§ Stored data:
- - -

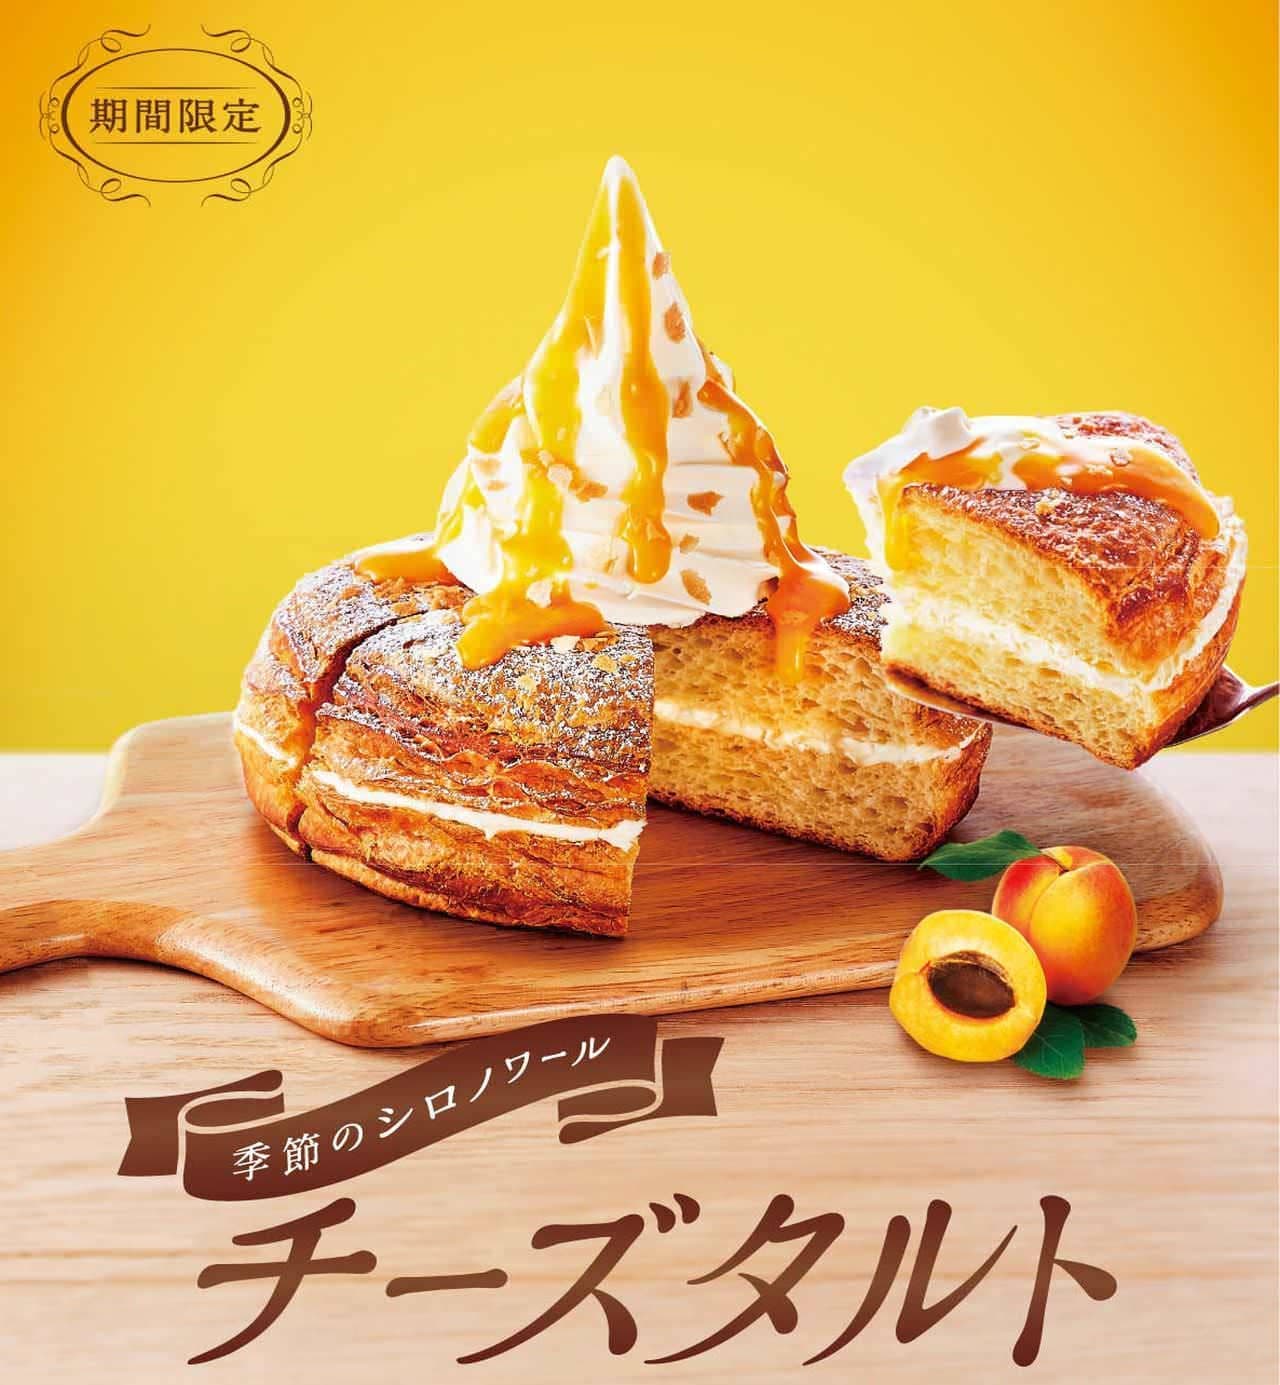 Komeda's seasonal Shiro Noir "cheese tart"
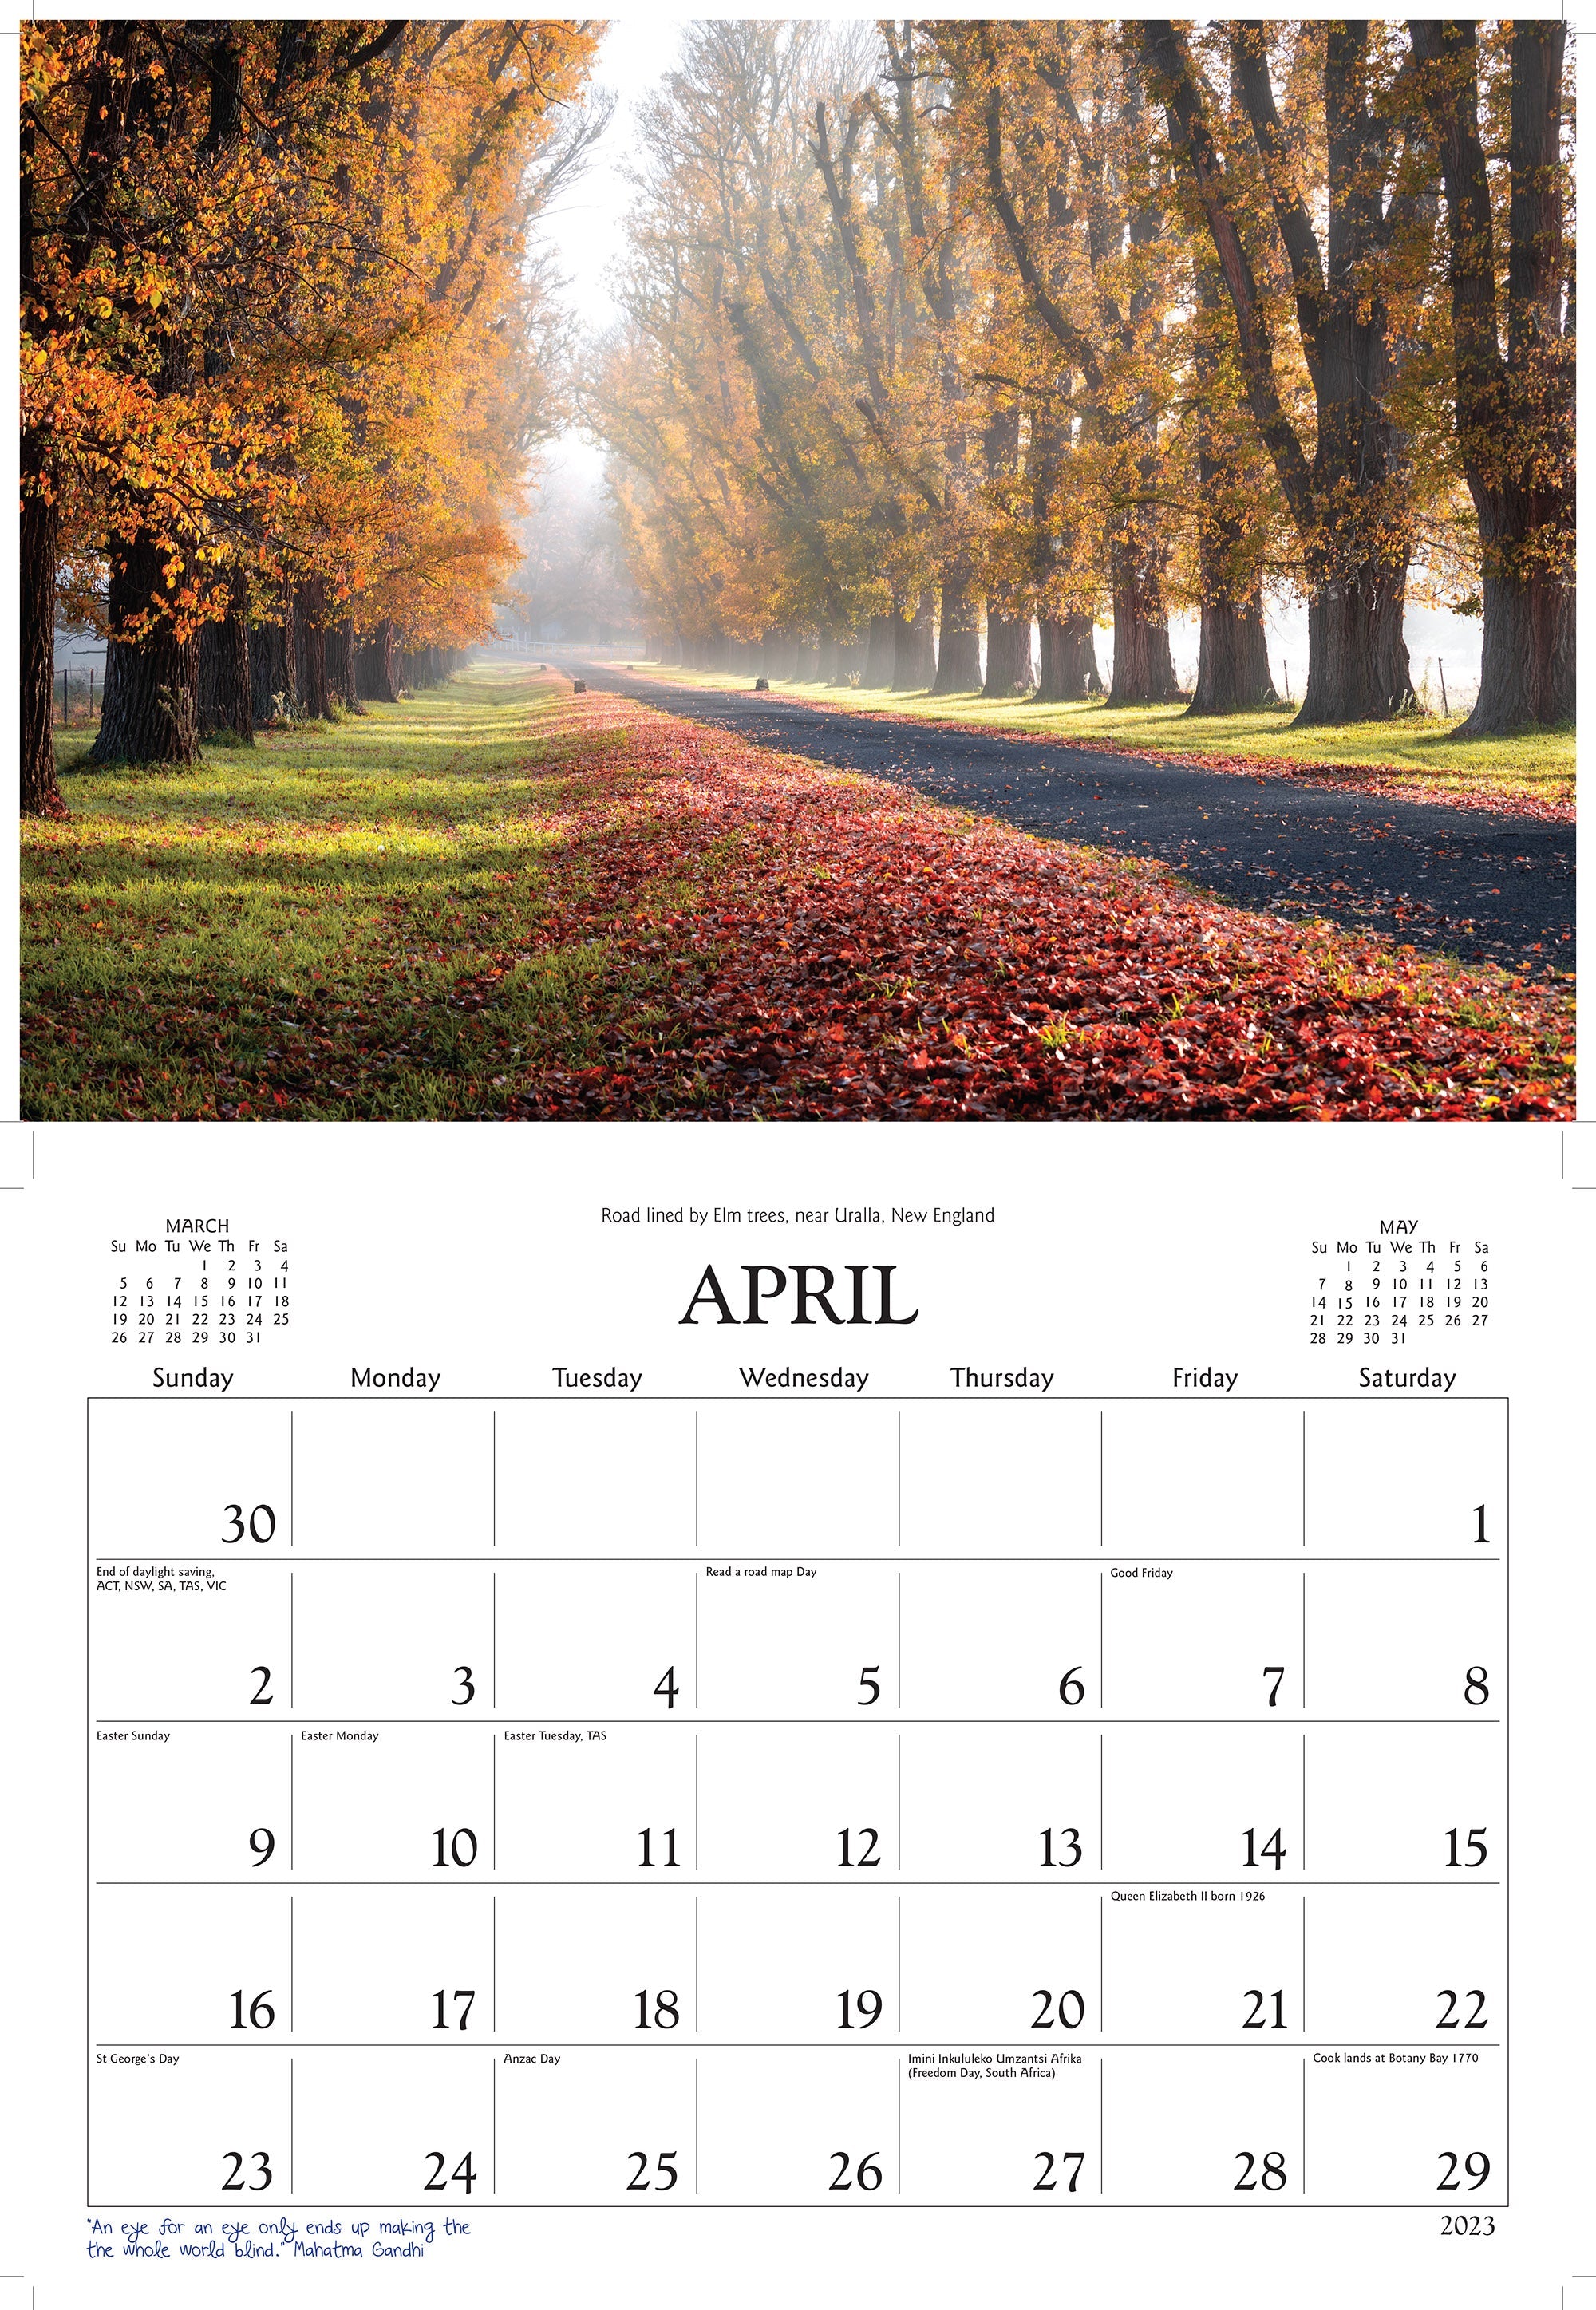 2023 Trees in Australia by David Messent - Horizontal Wall Calendar
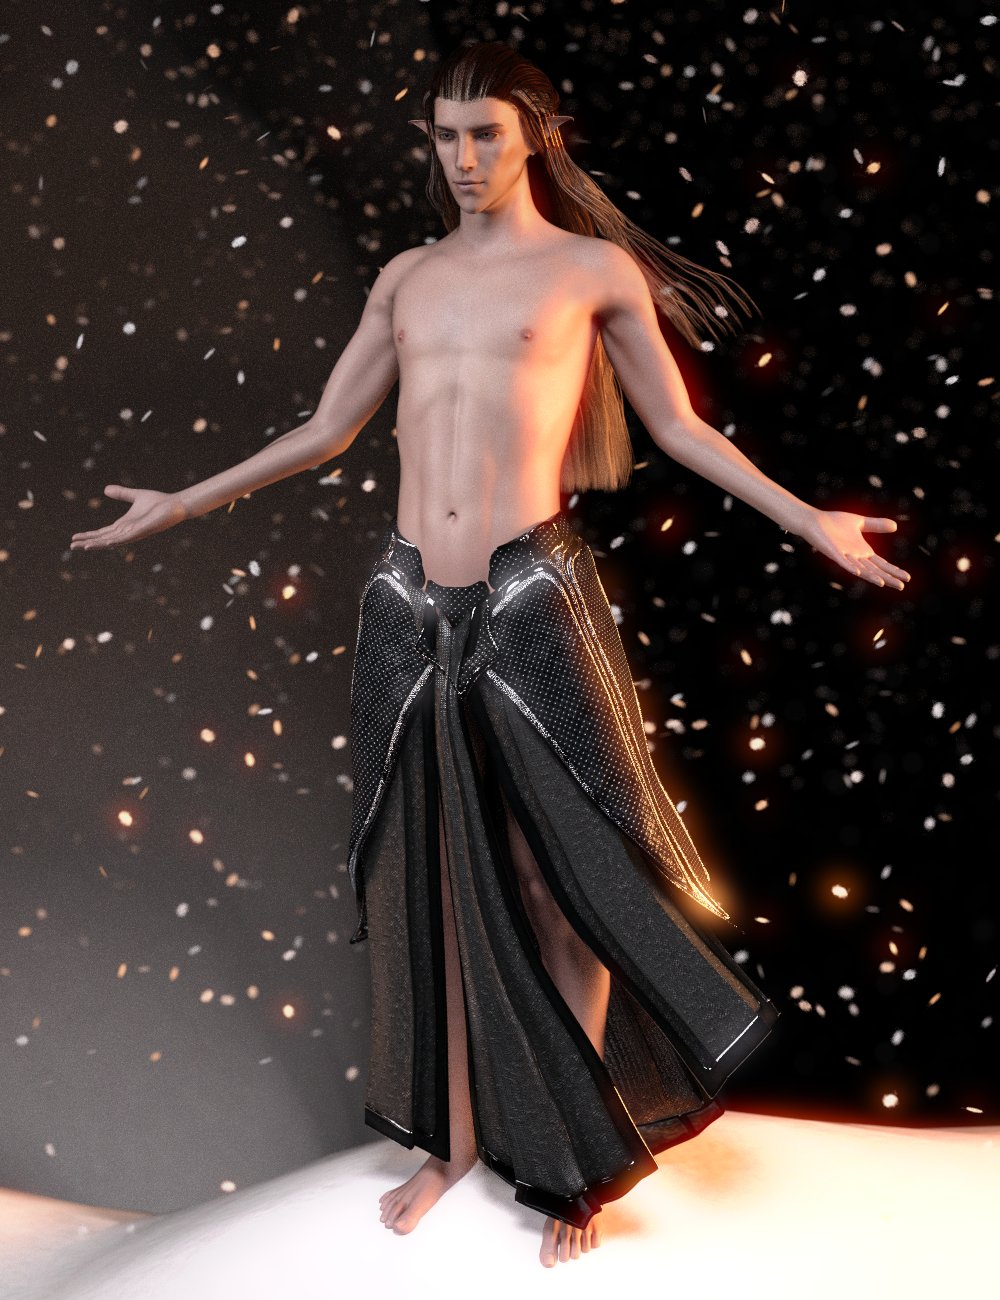 SY Fantastical Features Genesis 8 Male by: Sickleyield, 3D Models by Daz 3D

- - -

§ Your instructions:
A verbatim copy of the listing, with all pictures removed, is required.

§ Response:
 Komeda's seasonal Shiro Noir "cheese tart"
 2023 Trees in Australia by David Messent - Horizontal Wall Calendar
 SY Fantastical Features Genesis 8 Male by: Sickleyield, 3D Models by Daz 3D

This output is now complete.